Oxford coach Wes Brooks had given his blessing for his pitching coach and team bus driver to miss the doubleheader with Homewood to attend his son’s start and was moved by Jay’s immediate response to staying with the Yellow Jackets.

“It all stinks because everything didn’t line up perfect,” Brooks said. “We were kind of hoping and praying it’d get moved.

“I told him Coach Brooks’ feelings will not be hurt at all if you go, but he said I’m going to be here; I’m not missing. It wasn’t like he said I’ll get back to you in a couple days. It was I’m committed to these kids.
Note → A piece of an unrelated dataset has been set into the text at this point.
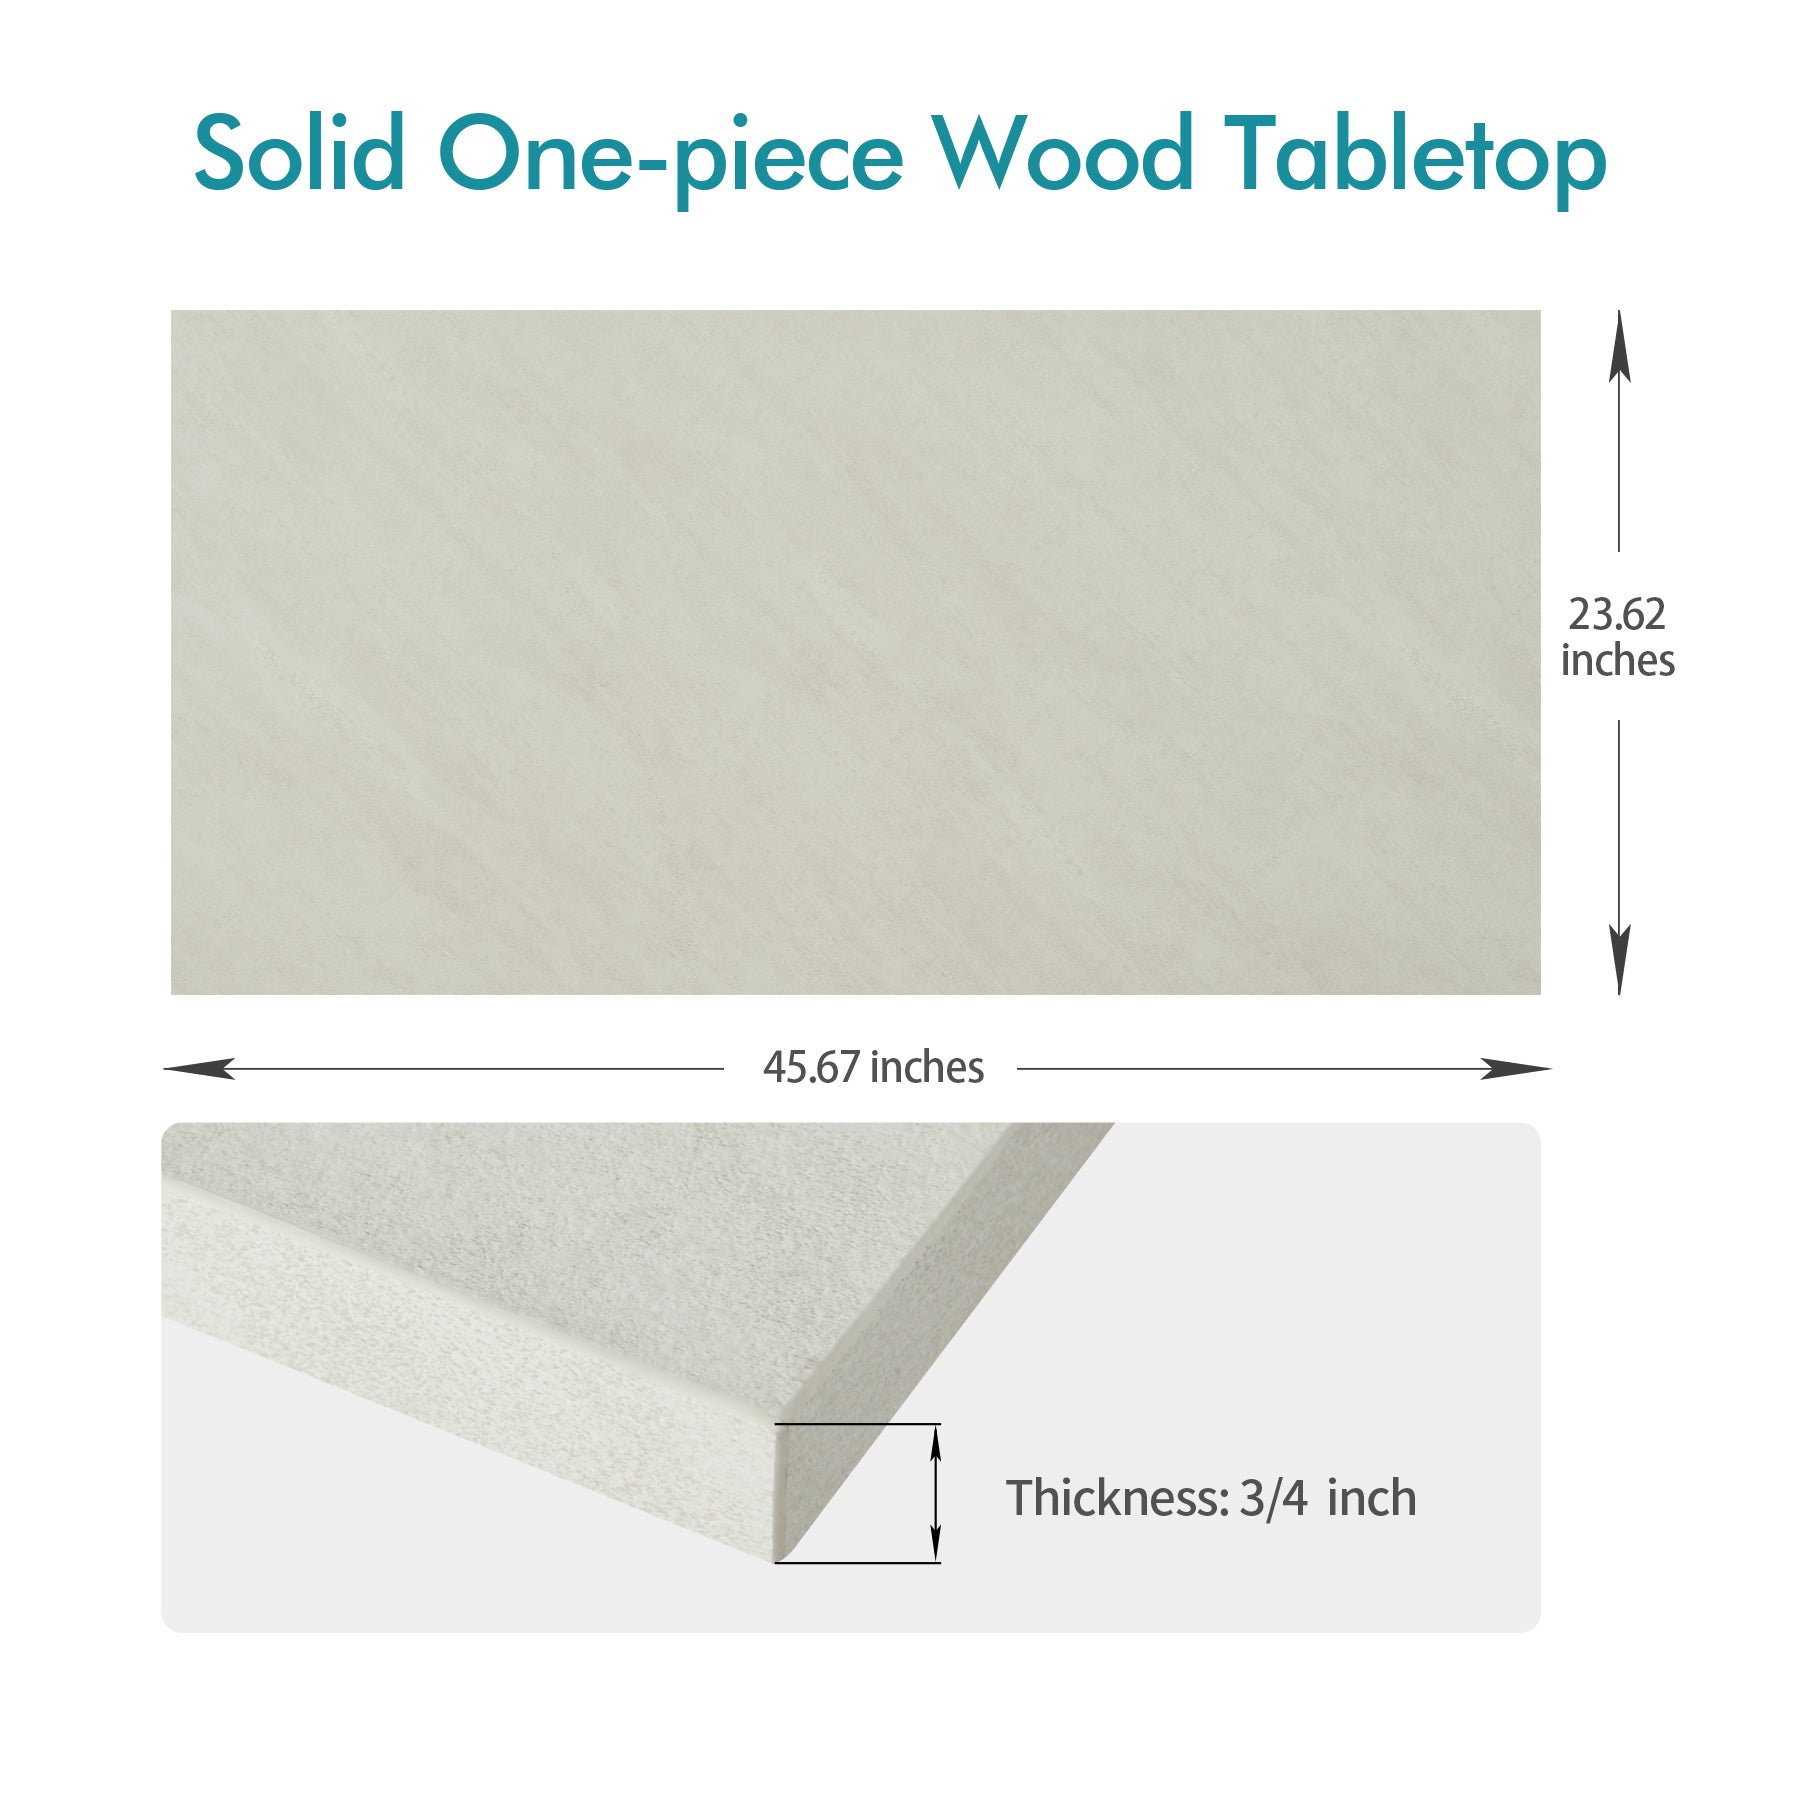 46x24 one-piece wood table top in white

Don’t get me wrong, I want to be there for (Jackson), but I coach Oxford baseball and we’ve got a game.”

So mom will be in the stands at Regions Field and dad will be in the dugout at Choccolocco Park trying to stay close to some kind of electronic device to check on Jackson’s progress — just as they were when Jay missed Jackson’s first home start in Pensacola because of a similar playoff conflict.
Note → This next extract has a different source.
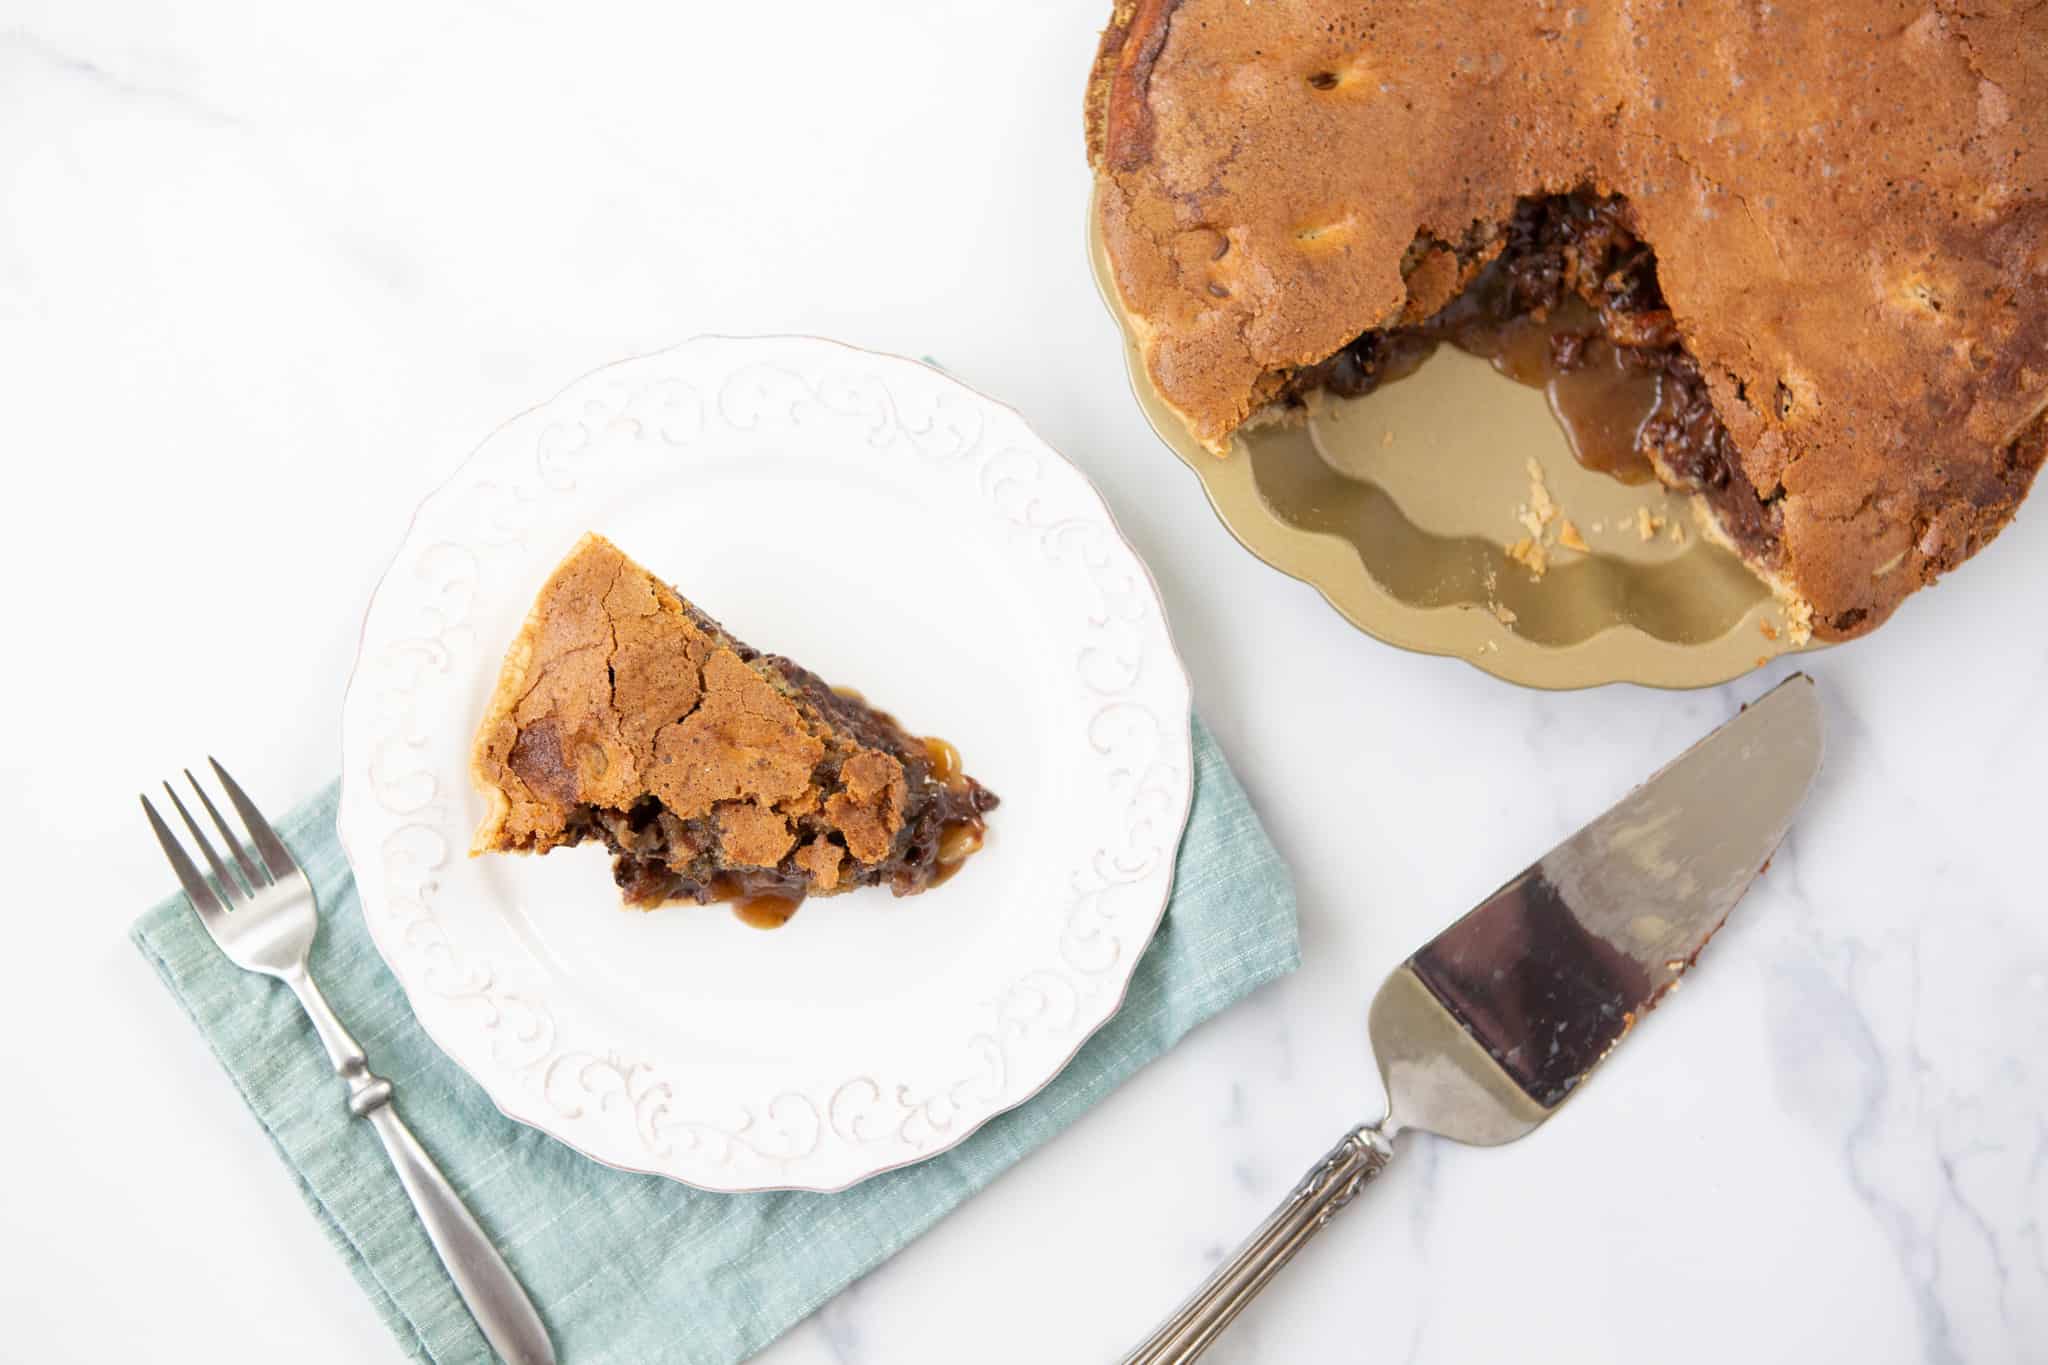 slice of chocolate chip pecan pie on a plate next to the whole pie

Brooks said he wouldn’t mind it either if Jay has “something in his pocket” to provide live updates during their game. If the doubleheader gets over early enough, Brooks may even try to have the Barons’ radio broadcast piped through the stadium’s speaker system for the fans to hear.

“It sucks he can’t be there, I’m not going to lie, because Dad taught me everything,” Jackson said from Pensacola Wednesday night. “When I was a little munchkin running around the backyard, he was coaching me.

“It’s always great to have your role model in life there. He’s been to plenty of games, but the first time I get to pitch in Birmingham he can’t be there and it upset me. But it upsets him more. It tears him up when he can’t go.”

When Jackson does take the mound Friday night, it will be eight days since he has thrown in a game.

He has been with the Double-A club from the start of the season after leading the Florida State League in wins a year ago. He is 1-1 with a 3.12 ERA in three starts this season with 21 strikeouts in 17 1-3 innings. He’s also batting for the first time since homering in the 2012 state championship game; he’s 0-for-3, but 4-for-4 on sacrifice opportunities.

Dad should get plenty of chances to see his son pitch after the Jackets’ playoff run a lot closer than driving to Pensacola. The Southern League has teams in Montgomery and Chattanooga.

On the cover: Cincinnati Reds pitching prospect Jackson Stephens still has Oxford sports in his system and takes in a Yellow Jackets’ game whenever he’s home.